Arbre sénescent : La sénescence est le stade qui suit la maturité et précède la mort. Avec son bois mort et ses cavités, un arbre sénescent constitue un réservoir biologique extrêmement important. Le travail d’inventaire qui commence a permis d’en repérer 70, mais sur les 35 000 hectares du Grand Site  le potentiel pourrait être de plusieurs centaines.

 

 Respecter les vieux arbres

L’arbre âgé est un réservoir de vie pour de très nombreuses espèces animales et de champignons. Près de la moitié des espèces d’un écosystème forestier peut se concentrer dans un seul arbre très âgé .Même en milieu urbain,  ou dans son jardin, il est important de respecter de vieux arbres, de conserver le bois mort sur l’arbre et au sol.
Les arbres citadins ne sont cependant pas l’équivalent biologique d’un vieil arbre de forêt car ils sont souvent isolés les uns des autres sans espace forestier entre eux. Le gestionnaire et les propriétaires forestiers du 21ème siècle doivent aujourd’hui tout faire pour améliorer le fonctionnement de l’écosystème forestier, revenir sur des siècles d’une exploitation exagérée et y favoriser la présence de vieux arbres dédiés à la nature et au paysage.
Emmanuel Cosson, spécialiste en biologie animale, Directeur du Groupe des chiroptères de Provence

 

 Une rencontre émotionnelle entre l’homme et l’arbre

Un arbre devient remarquable du fait de son espèce, ses dimensions, sa position, son implantation, sa forme, son âge ou sa charge symbolique.
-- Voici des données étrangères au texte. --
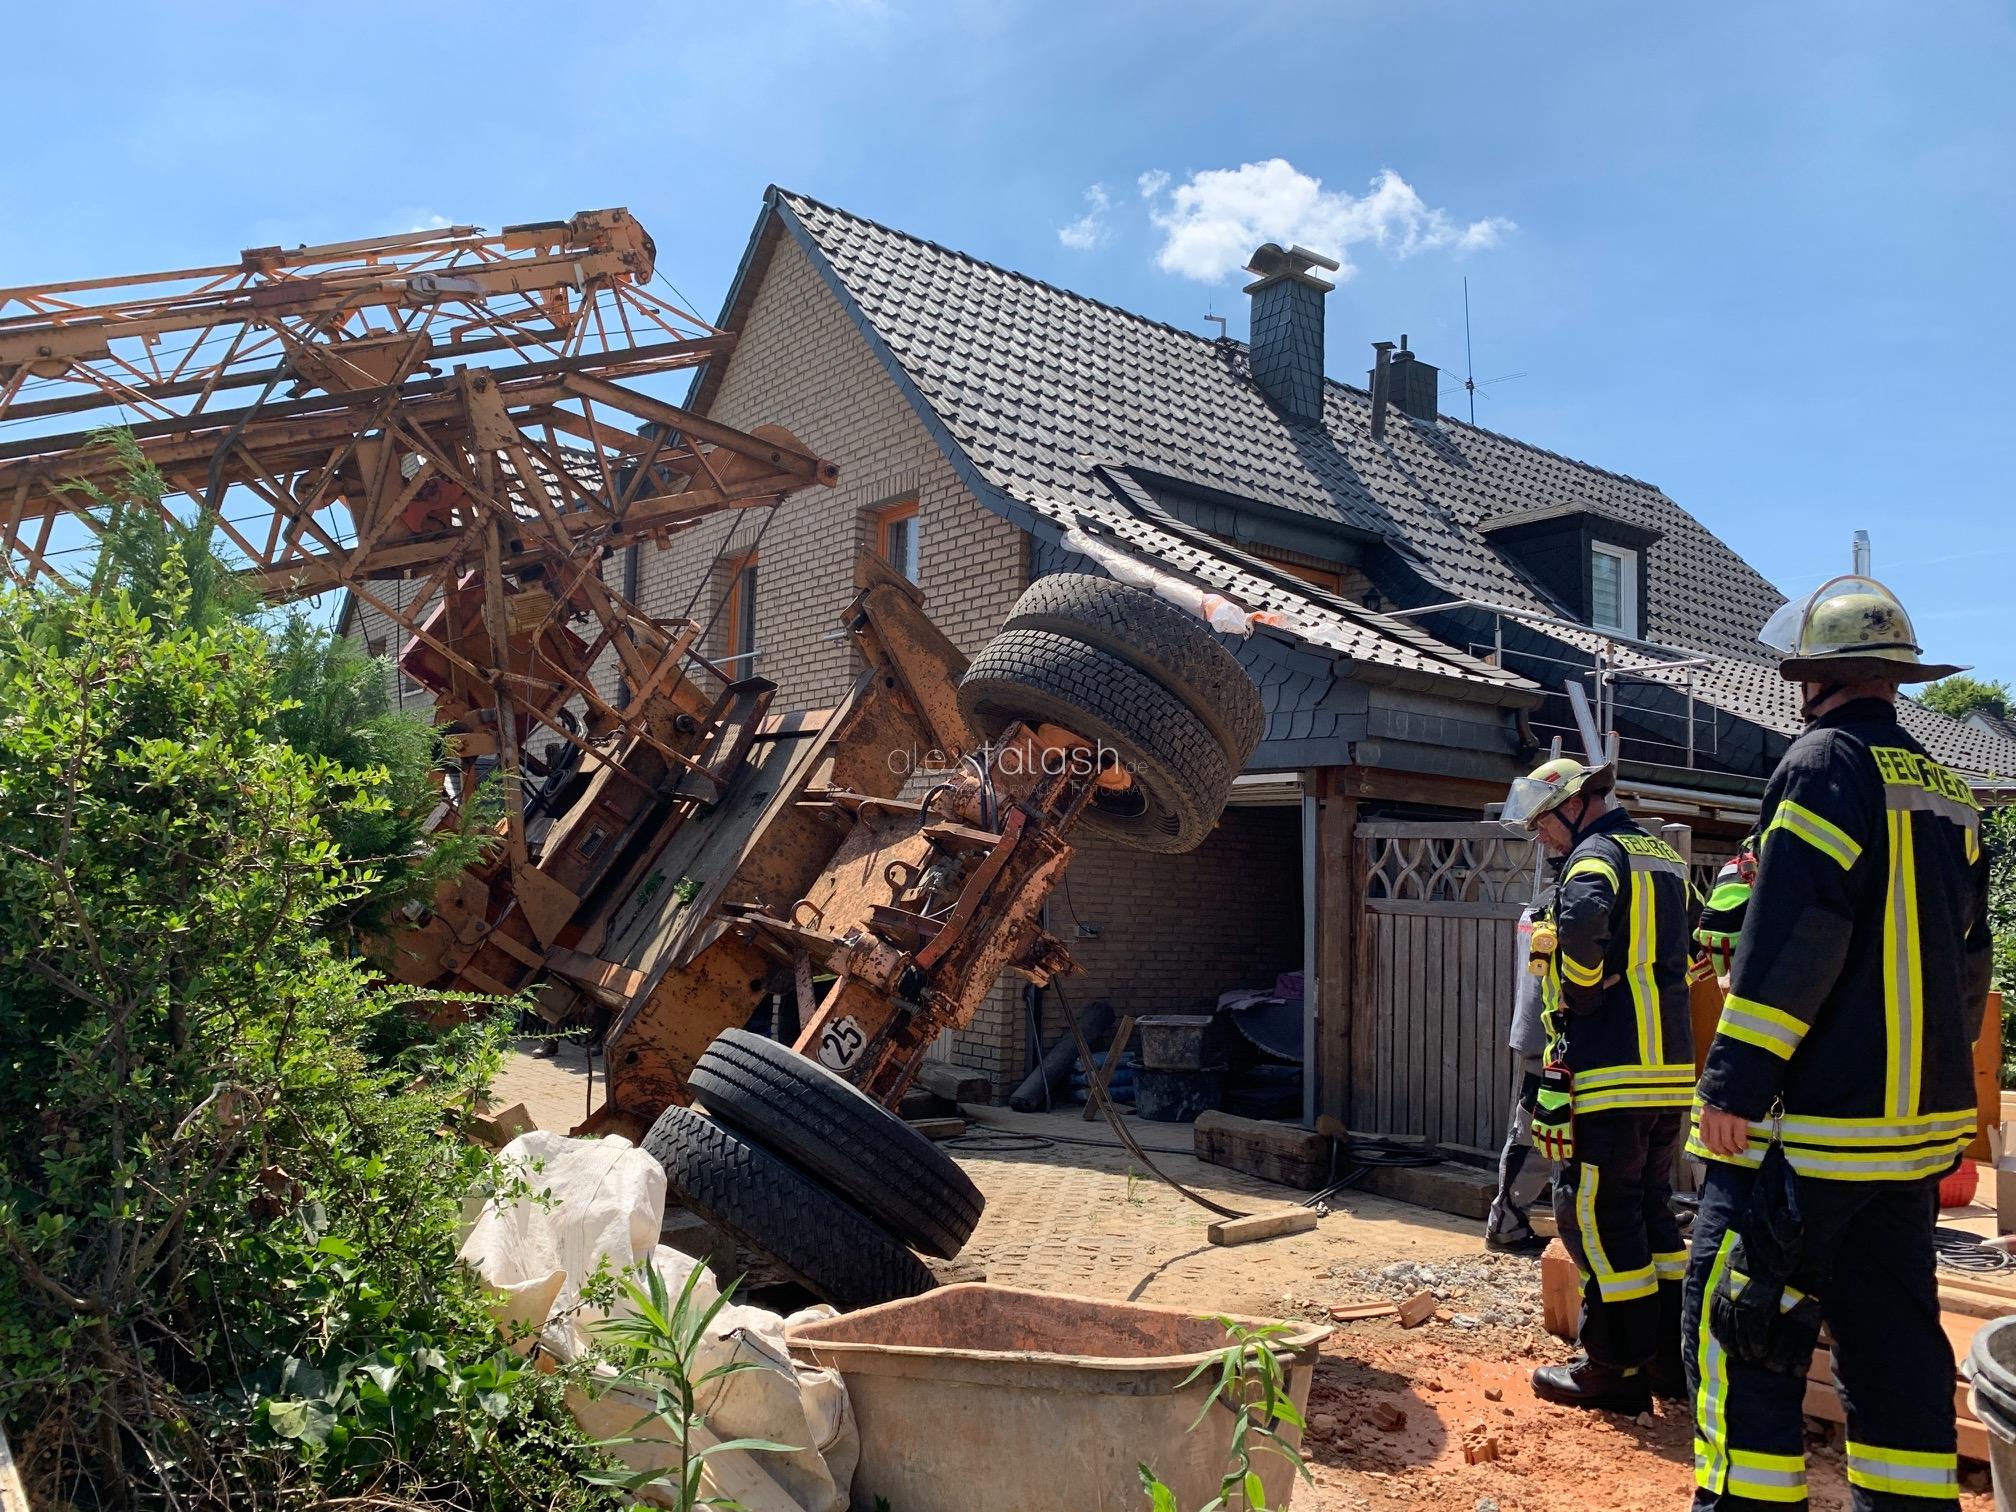 15 Meter hoher Baukran beim Abbau kippt in Hagener Vorgarten

Parfois aussi par ses fonctions, comme les arbres limites de communes ou la plantation en alignement. 
Laurence Chaber, ethnobotaniste chargée d'étude de l'association EPI qui valide l’inventaire des arbres remarquables du Grand Site explique qu’«au-delà des critères scientifiques, ou à travers eux, c’est la rencontre même de l’homme et de l’arbre qui est au cœur de ce travail d’inventaire. Certains sont des marqueurs du paysage : alignement, borne, limite de propriété, d’autres ont un rôle culturel : l’arbre a donné son nom au quartier, au lieu-dit ; on l’appelle le pin d’untel, d’un saint ; il est associé à une fête, à une procession ; c’est un lieu de rassemblement, il a été célébré par un artiste, etc. Cette rencontre émotionnelle explique souvent que les habitants d’un lieu ont, au fil des siècles, respecté et préservé un arbre, témoin de leur passé et compagnon de leur vie. »
Sur le Grand Site, 10  arbres sont identifiés comme très exceptionnels, 42 sont  très remarquables, et 60 sont des arbres remarquables à suivre.